Когда в Москве было получено известие о
появлении самозванца, Московские власти догадались, что имя Дмитрия взял
на себя беглый монах Григорий Отрепьев, происходивший из служилых людей
(детей боярских). Рано осиротев, он постригся в монахи и бродил по
монастырям, пока не добрался до Москвы. Там он был принят в Чудов
монастырь в Кремле и познакомился с московскою жизнью. Из Москвы с тремя
другими монахами Отрепьев убежал в Литву и Польшу, расстригся и
назвался царевичем Дмитрием. Однако, когда из Москвы сообщили обо всем
этом в Польшу, там сообщению не поверили, и Лжедмитрий продолжал свое
дело без помехи. И до настоящего времени не все верят тому, что
самозванец был Отрепьев. Одни ученые склонны думать, что это был
действительно царевич Дмитрий, укрытый Нагими от убийц, подосланных к
нему из Москвы. Другие думают, что это был самозванец, но не Отрепьев, а
какое-нибудь другое лицо, с которым вместе Отрепьев странствовал из
Москвы в Польшу. Некоторые, наконец, говорят, что Лжедмитрий был даже не
московский человек, а западнорусский уроженец, подготовленный поляками.
Вероятнее всего, однако, то, что это был Отрепьев; только, по всей
видимости, он сам верил в свое царское происхождение. Те, кто им
руководили, уверили самозванца, что, спасенный от убийства, он был в
детстве поневоле назван чужим именем и скрыт под монашескою рясою, пока
не вырастет и не станет в безопасности от Годунова. Все поступки
Лжедмитрия указывают на то, что он считал себя действительным царевичем и
не боялся никаких обличений в самозванстве.

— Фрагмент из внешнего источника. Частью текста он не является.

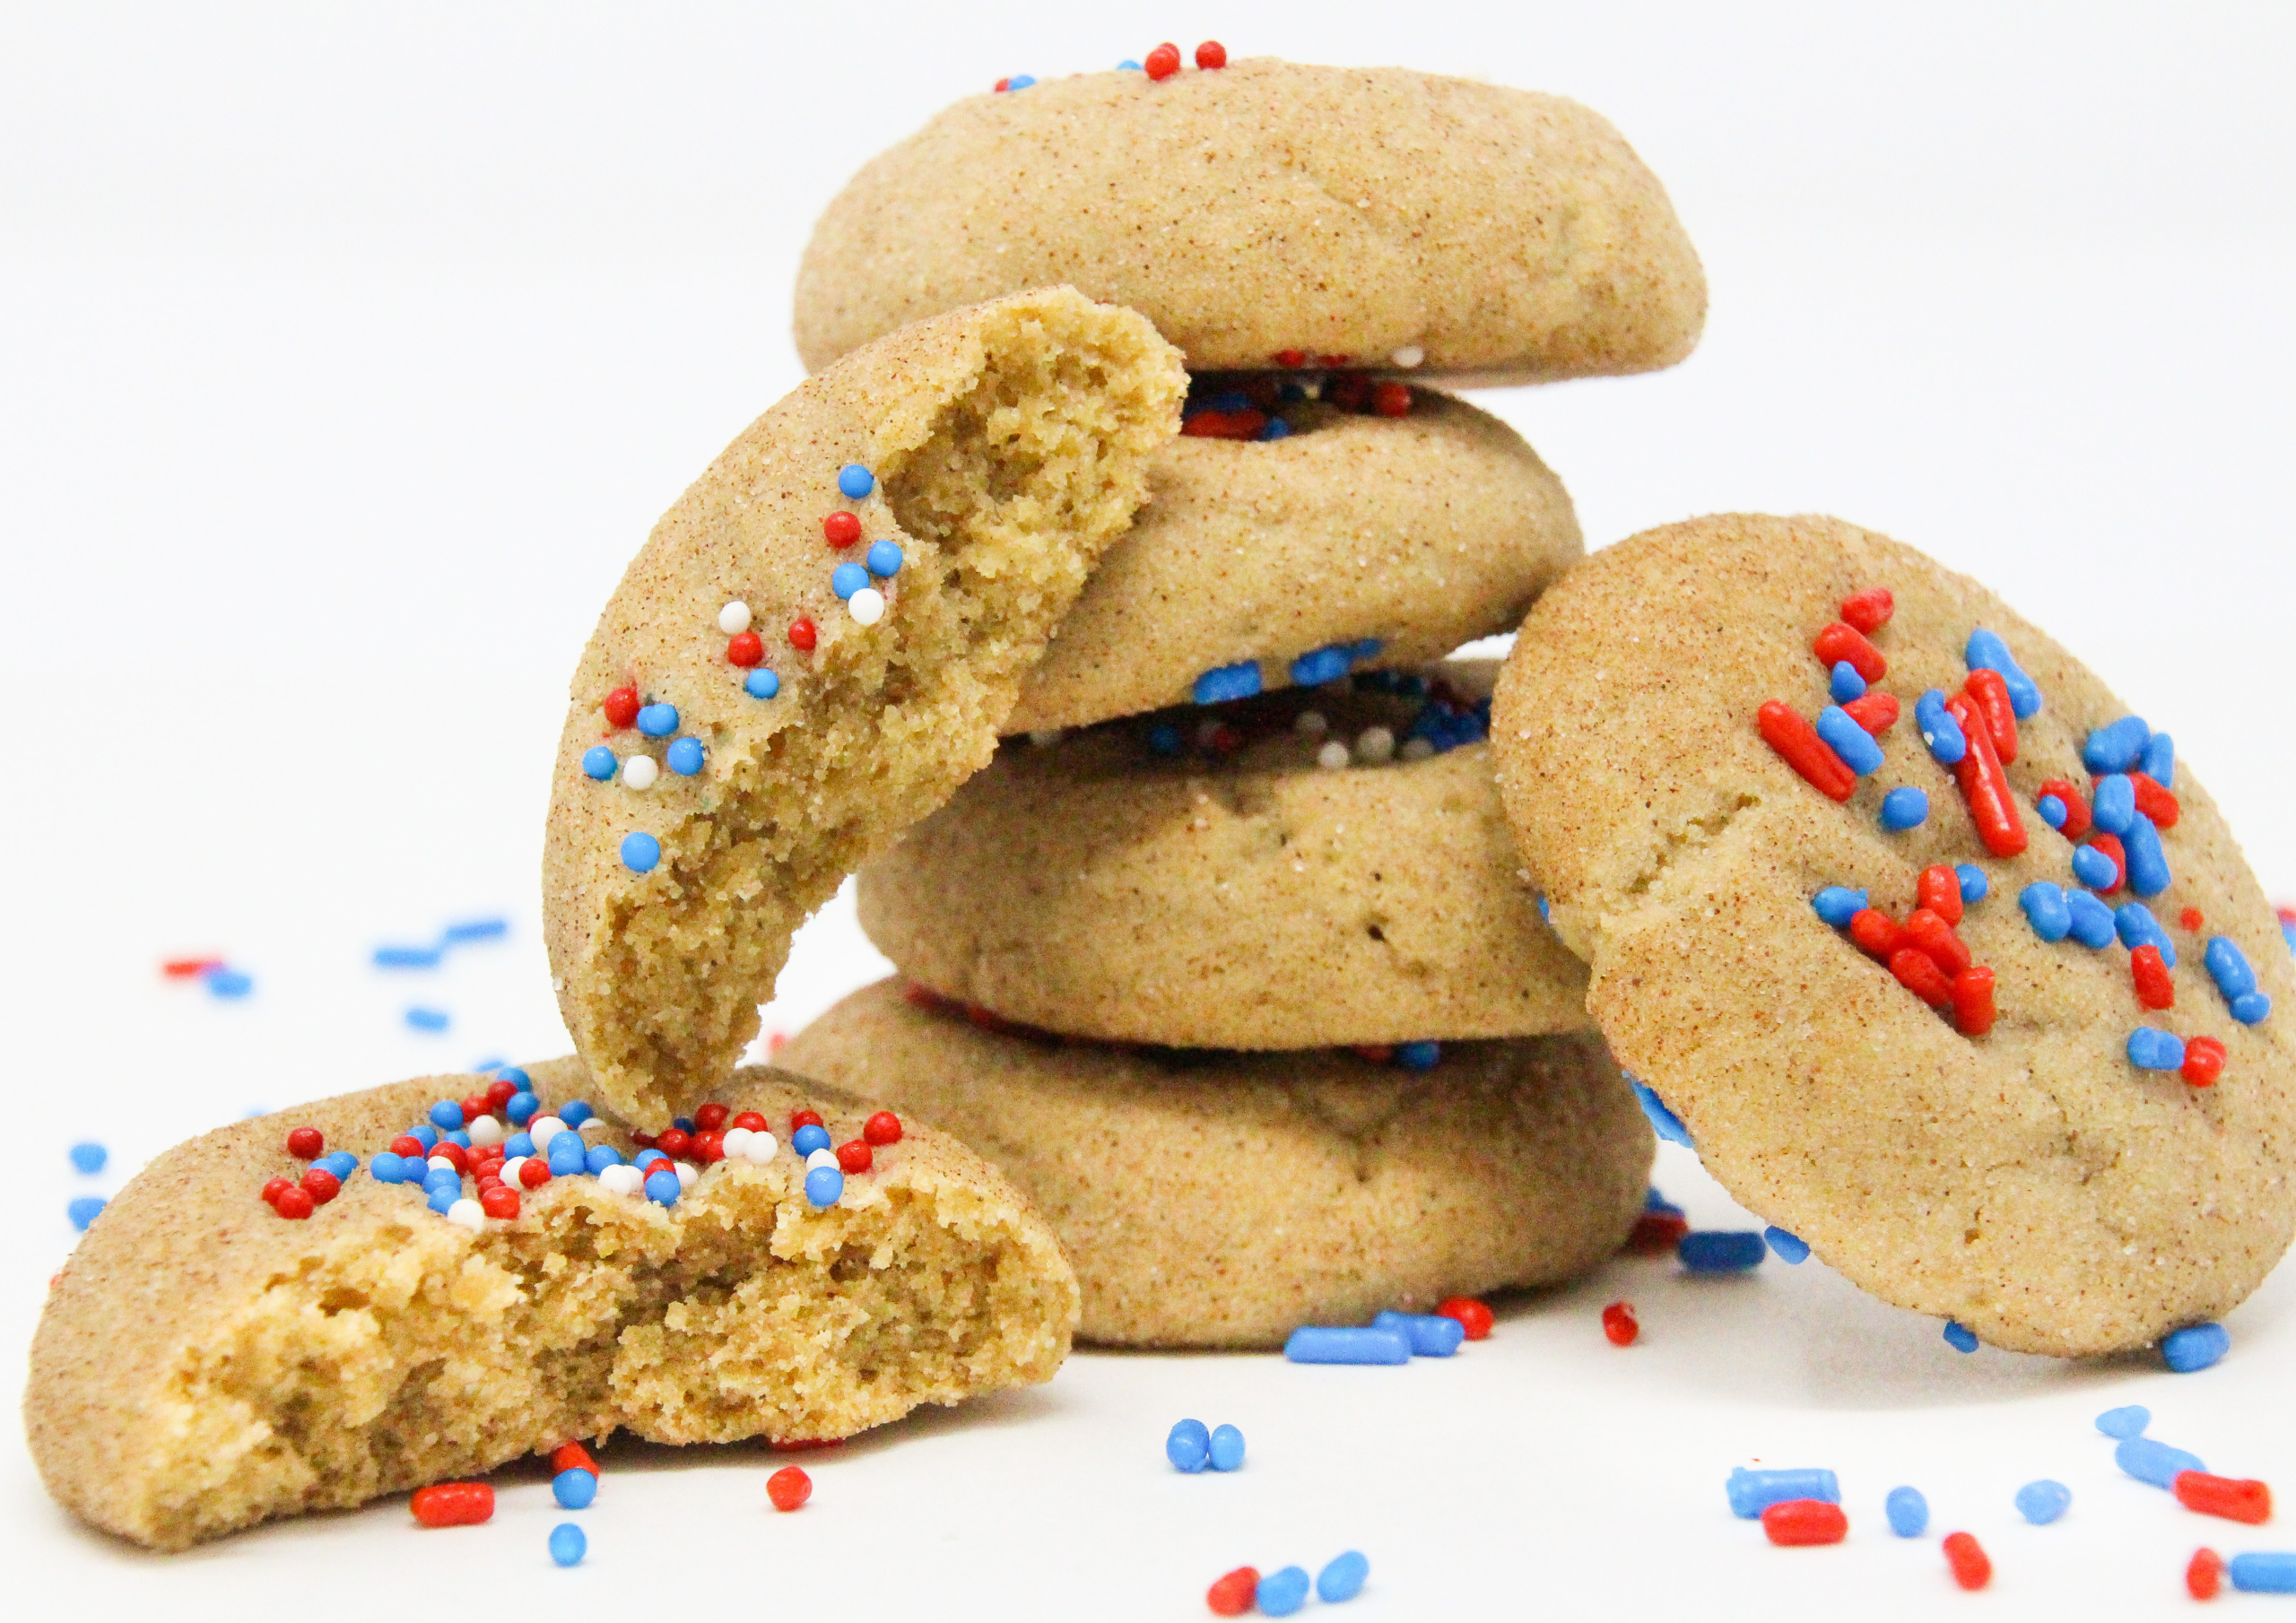 Basically snickerdoodles, the addition of colorful, patriotic sprinkles earns them the name of Yankerdoodles. With the addition of brown sugar to provide a deeper flavor, these soft, childhood favorite cookies will bring back wonderful memories and create new memories with your own family. Recipe shared with permission granted by Maddie Day, author of BATTER OFF DEAD.

Собрав войско, Лжедмитрий осенью 1604 г.
пошел в Московское государство, направляясь из Самбора мимо Киева на
Чернигов. Первые города московские поддались ему, но под
Новгородом-Северским он встретил отпор, а затем (в битве при с.
Добрыничах) был совсем разбит и прогнан на самый край Московского
государства, в Путивль. Однако дело его не было проиграно. На востоке от
Путивля, в новых городах, устроенных тогда на «поле» против татар,
казаки и служилые гарнизонные люди, возбужденные агентами Лжедмитрия,
подняли восстание во имя царя Дмитрия; собравшись целым войском, они
пошли на север и засели в городке Кромах. Воеводы царя Бориса, узнав об
этом, бросили разбитого самозванца в Путивле и двинулись осаждать Кромы.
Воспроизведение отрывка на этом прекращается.